Markus Scherer <markus.icu_at_gmail.com> wrote:
 |On Tue, Nov 5, 2013 at 5:38 AM, Steffen Daode <sdaoden_at_gmail.com> wrote:
 |
 |> Hello,
 |> ...i came to this solution in order to generate test data with
 |> awk(1) in a memory-friendly way?
 |
 |Comments like at the end of this line?
 |
 |0009..000D ; White_space # Cc [5] <control>..<control>

Yes, the 'Cc' in particular.

 |(The problem i'm facing is that _PRINT and _GRAPH cannot be set
 |> for some properties from PropList.txt, say, _PRINT can't be set
 |> for U+0009, CHARACTER TABULATION (ht), since it's a Cc, but in
 |> order to know that i had to parse UnicodeData.txt and store
 |> character information in memory first, (not thinking about further
 |> options), but that requires a lot of memory, more than is
 |> available on low-end machines.)
 |
 |The comments are just that, comments, for human consumption, and their
 |format may change without notice. One exception is the syntax in the
 |@missing lines.

yup, it was a stupid question on auto-generated data, i've
realized that, but too late. So your answer deserves special
thanks. But imho it's a pity that it was felt that the
General_Category belongs into the comment only.

(And on the other hand stupid questions are better than shit
decisions :)

 |It is normal that you need to parse multiple Unicode data files for
 |extracting useful data.

Yes, and i'm in the process of getting used to it, but

 |It also does not require "a lot of memory" considering how much memory is
 |available even on ten-year-old clunkers at this point, unless you are
 |especially extravagant with how you store the data. Besides, after parsing,
 |you would normally build more compact data structures for the data you need.

the problem is that i want to be double-tracked here: On the
one hand i (will) have a ISO C parser that (will) mince(s) all the
Unicode data files in order to generate dainty nibbles for the
C code which performs the tasks i'm after, say, uppercasing.

But on the other i (actually have learned the lesson that i) need
to generate test data so that a 'make test' is possible. Well, in
a not to far future i'm gonna add 'make devel-test-perl' and even
later i hope for 'make devel-test-icu', so that it is possible to
compare the outcome against long-developed codebases, but still
a normal user should be able to run 'make test' and get some
useful testing.
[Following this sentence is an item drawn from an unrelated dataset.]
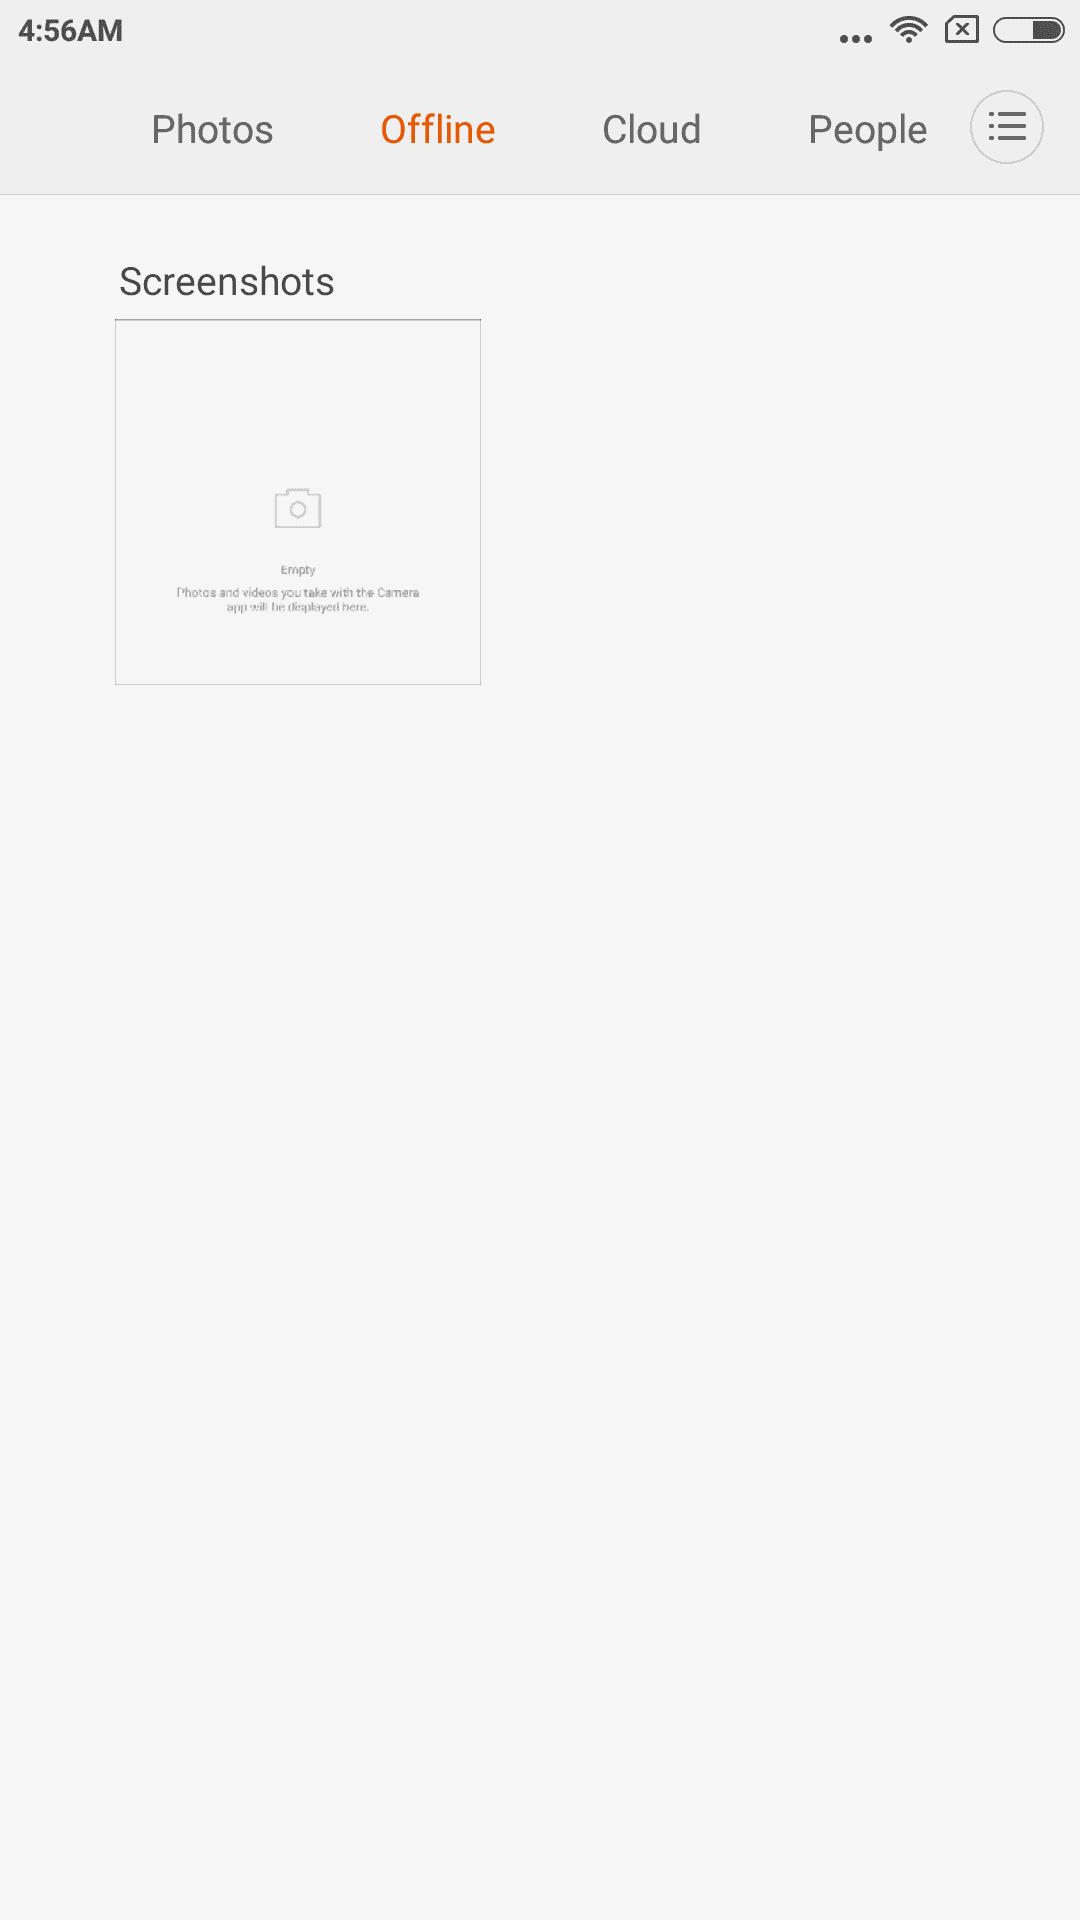 Screenshot 2016 04 10 04 56 06 com.miui .gallery
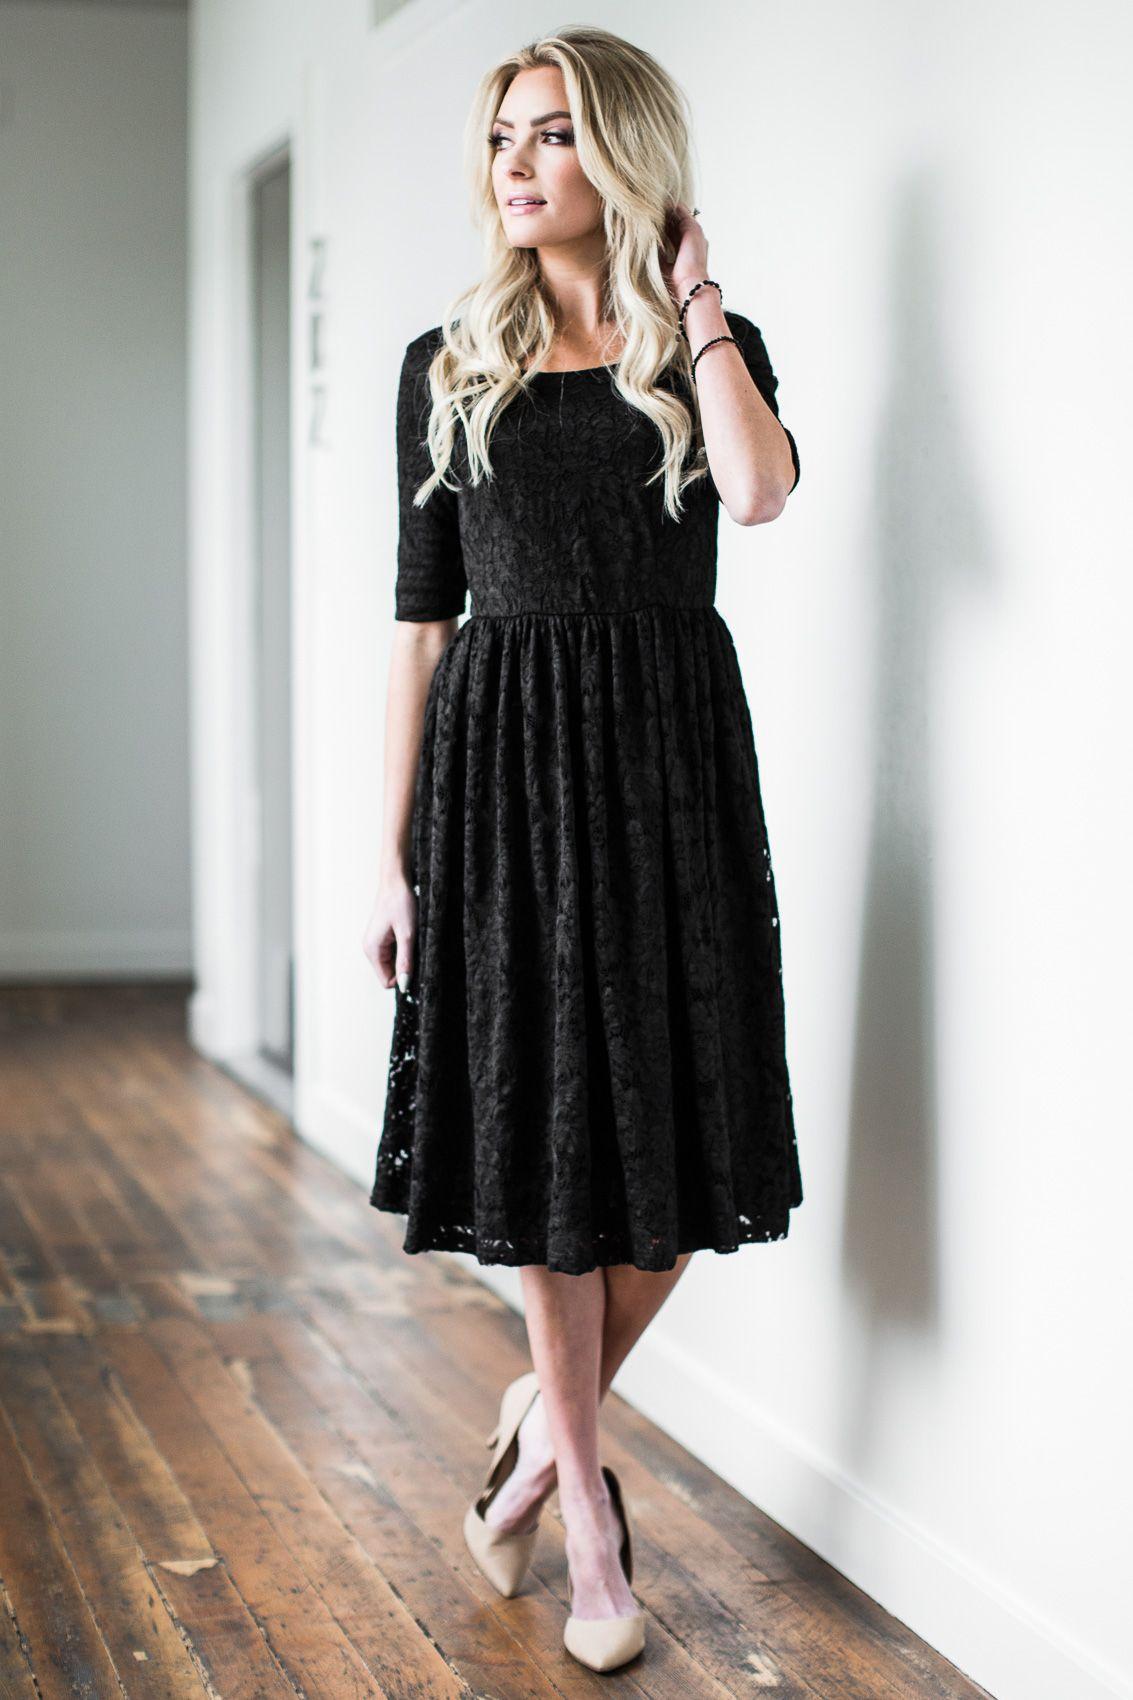 13+ Black modest dress ideas in 2021

Etc. etc. (I.e., i once found two compiler bugs
because of testing, and have been able to correct my code so that
the bugs did not occur.)

Today, and as of Unicode 6.2.0 and 6.3.0, it seems to be possible
to gain that level of testing for rather simple tasks like case
transliterations and visual code point widths, which is all i know
yet, simply by sequentially iterating over the data and having
a test protocol that knows a bit of data precedence, i.e., pushing
the burden of duplicate entry elimination on the test parser, not
the test generator. awk(1) arrays are pretty memory hungry, and
having arrays of '0x10FFFFu - (2 * (0xFFFFu + 1))' elements will
maybe not blow a Raspberry Pi Model A with its 256 MB of RAM, but
maybe the administrator imposed datasize limit... effectively
resulting in a abort.

In fact i even had implemented a LOWMEM= hook for exactly this
case before (back in June), because GNU awk(1) required so much
memory that it happened to happen on a testbox. Just like this:

  Note that generating the test data requires a noticeable amount of
  memory, especially with GNU awk(1) (gawk(1)). If compilation fails
  during this step, try setting the LOWMEM environment variable -- this
  will generate incomplete test data, but which shouldn't worry most
  users, since the generated test data is always the same for a specific
  Unicode version and thus has been tested before shipout. Note that
  the `test' make(1) target will produce errors if LOWMEM is used (due to
  the incomplete data).

 |especially extravagant with how you store the data. Besides, after parsing,
 |you would normally build more compact data structures for the data you need.

Saving space is a particular frightening topic, but i'm far away
from that (since there is so few functionality yet). The ICU 52.1
data library i've compiled two weeks ago is incredible 23.5 MB,
and that after more than a decade engineering experience, so...
the lunatic is at least ahead.
Anyway, that is the installed data, not the throw-away test data.
Having

  ?1[steffen_at_sherwood ]$ for i in test/t_*; do wc -cl $i; done
       412 4108 test/t_ext_ctrans.dat
   1026577 11491666 test/t_props.dat
      9669 141462 test/t_simple_ctrans.dat
    336880 3031339 test/t_widths.dat

of test data is better than not having it, especially if generated
from the same input data than the library data, but in a slightly
different way.

 |Having said that, if your parsing works with the files you see and the data
 |you want to extract, then go for it. Just make sure that if the format
 |changes, you have enough checks in your parser so that it fails with an
 |error rather than silently producing garbage. You should also spot-check
 |that the data you get from the comments does indeed match the real data.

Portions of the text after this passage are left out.